While lying on the enriched continent of Africa, Equatorial Guinea has proved to be entrenched in ancient rituals and songs. This is especially true for the Fang, a people whose territories begin at the southern edge of Cameroon south of Kribi, Djoum, and  in the South Province and continue south across the border, including all of Río Muni in Equatorial Guinea, and from there south into Gabon and Congo. The capital island of Bioko has largely been influenced by Spanish customs and traditions during the colonial period, when education and health services were developed in the country.

Traditions
Many Bubi farmers still hold to their ancient customs. One of the country's most famous celebrations is the abira, which is believed to cleanse the community of evil.  The balélé dance is performed along the coast throughout the year and on Bioko around Christmas.

Religion, race, and language
Most people in the country are nominally Christian, but practice a combination of Roman Catholicism and traditional pagan customs.

Spanish, French, and Portuguese are the official languages of the country.

Despite a veneer of Spanish culture and of Roman Catholic religion that is thicker in Bioko than on the mainland, Equatorial Guineans live largely according to ancient customs, which have undergone a revival since independence.

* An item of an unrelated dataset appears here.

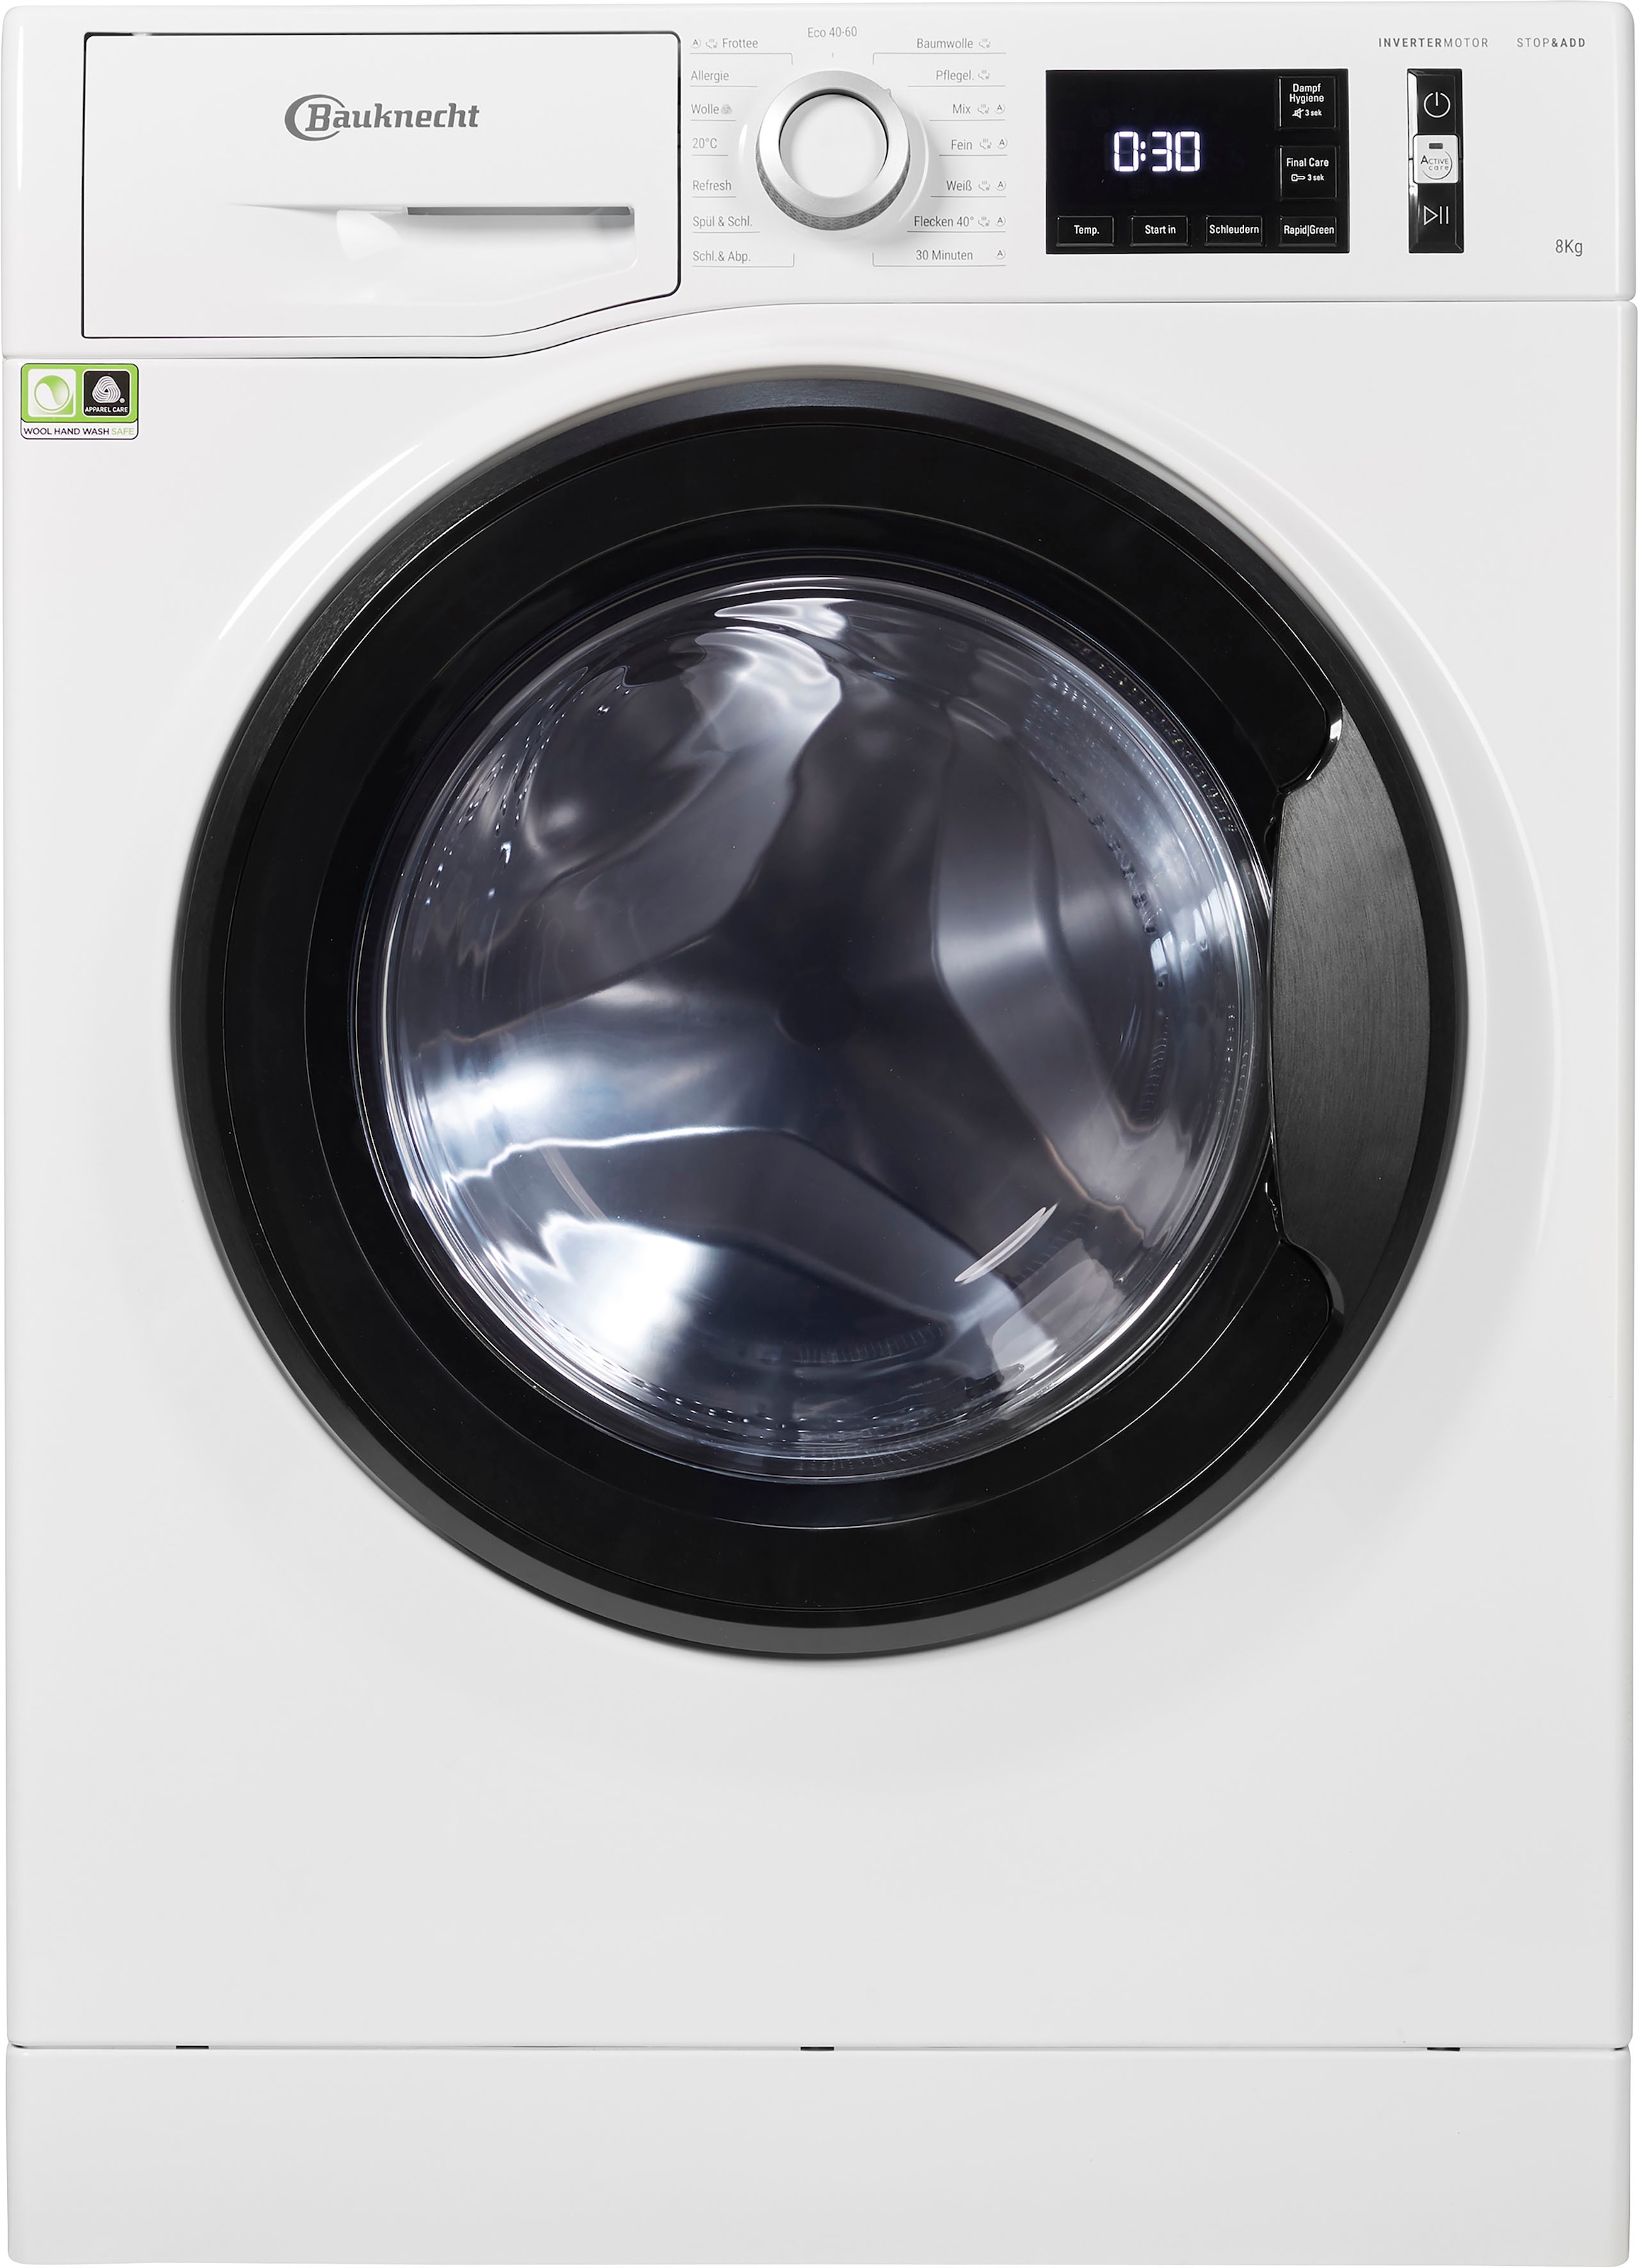 online Eco BAUKNECHT 1400 OTTO Super 8421«, U/min 8421, jetzt Waschmaschine bei kg, 8 »Super Eco

Among the Fang of the mainland, witchcraft, traditional music (in which the Fang harp, the xylophone, the great drums, and the wooden trumpet are used), and storytelling survive. Spanish aid is much oriented to educational and health services. Among the Bubi farmers of Bioko, some ancient customs are still followed.

Music

The Fang is known for the mvet, an instrument that looks like a cross between a zither and a harp, and can have up to fifteen strings. The semi-spherical part of this instrument is made of bamboo, and the strings are attached to the center by fibers. Music for the mvet is written in the form of musical notation that can only be learned by the initiates of the bebom-mvet society. Music is typically call and response with a chorus and drums alternating.

Musicians like Eyi Muan Ndong have helped to popularize folk styles.

Cinema
Juan Pablo Ebang Esono is one of the top filmmakers in the country. In 2010, Esono directed Teresa, the first medium-length film to be produced in Equatorial Guinea.